AFPC believes the Canadian pharmacist manpower balance has changed from a shortage to a surplus. The deans of pharmacy and pharmacy faculty members began receiving anecdotal feedback from new graduates about changing employment conditions; for example, being unable to secure pharmacist positions. In response, AFPC has instituted a graduate employment survey to track the employment situations for newly graduated pharmacists. The results from the survey indicate that 17% to 19% of new graduates were unemployed at the time the survey was administered after the completion of their winter term classes in their last year.
CIHI data shows that the percentage of unemployed pharmacists increased from 6.2% to 7.7% over a four-year period.
Next are some recommendations from AFPC.
It is recommended, first, that Health Canada, through the health human resources strategy division, and Citizenship and Immigration Canada reset immigration quotas for internationally trained pharmacists until a comprehensive assessment of current and future pharmacist manpower is completed.
The second recommendation is that Health Canada, through the health human resources strategy division, establish a multi-stakeholder pharmacist workforce planning initiative to conduct a comprehensive assessment of current and future pharmacist manpower, focusing on the supply and demand for pharmacists. My colleagues in the Canadian Pharmacists Association have identified this as their third recommendation.
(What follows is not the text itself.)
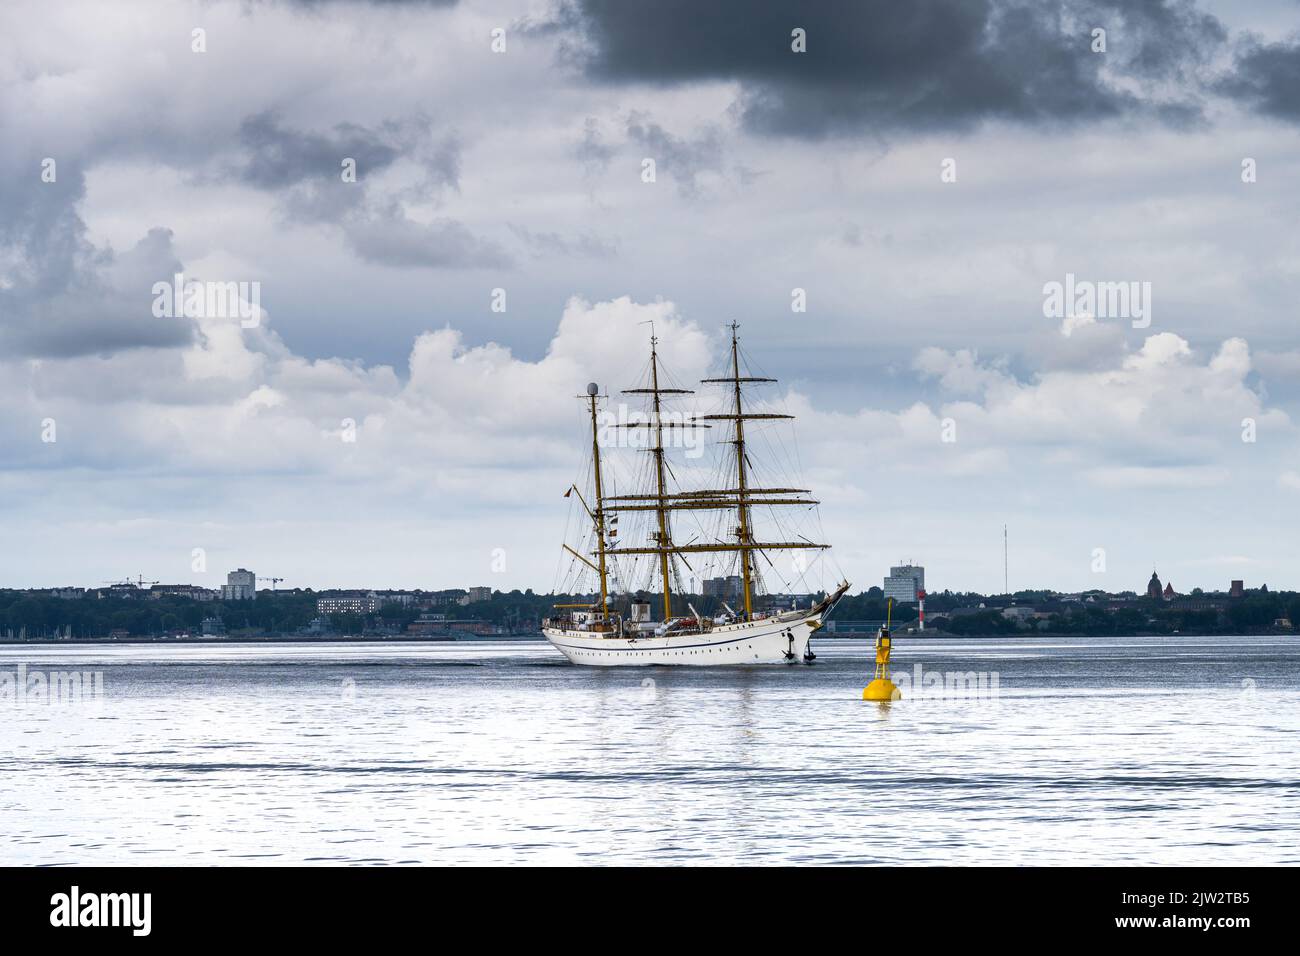 Das Segelschulschiff der Deutschen Marine die Bark Gorch Fock in der Kieler Förde mit dramatischem Himmel in Richtung Ostsee fahrend Foto Stock

In summary, I've presented AFPC observations, reflections, and suggestions about the pharmacist manpower situation in Canada. AFPC is submitting two recommendations for your consideration: one being resetting immigration quotas for internationally trained pharmacists; and two, conducting a national multi-stakeholder pharmacist workforce planning initiative.
Thank you on behalf of the Association of Faculties of Pharmacy of Canada for the opportunity to present our views and suggestions on this important topic for pharmacy educators, students, and other pharmacy organizations. I look forward to your questions and look forward to working with the federal government and other stakeholders in addressing this topic.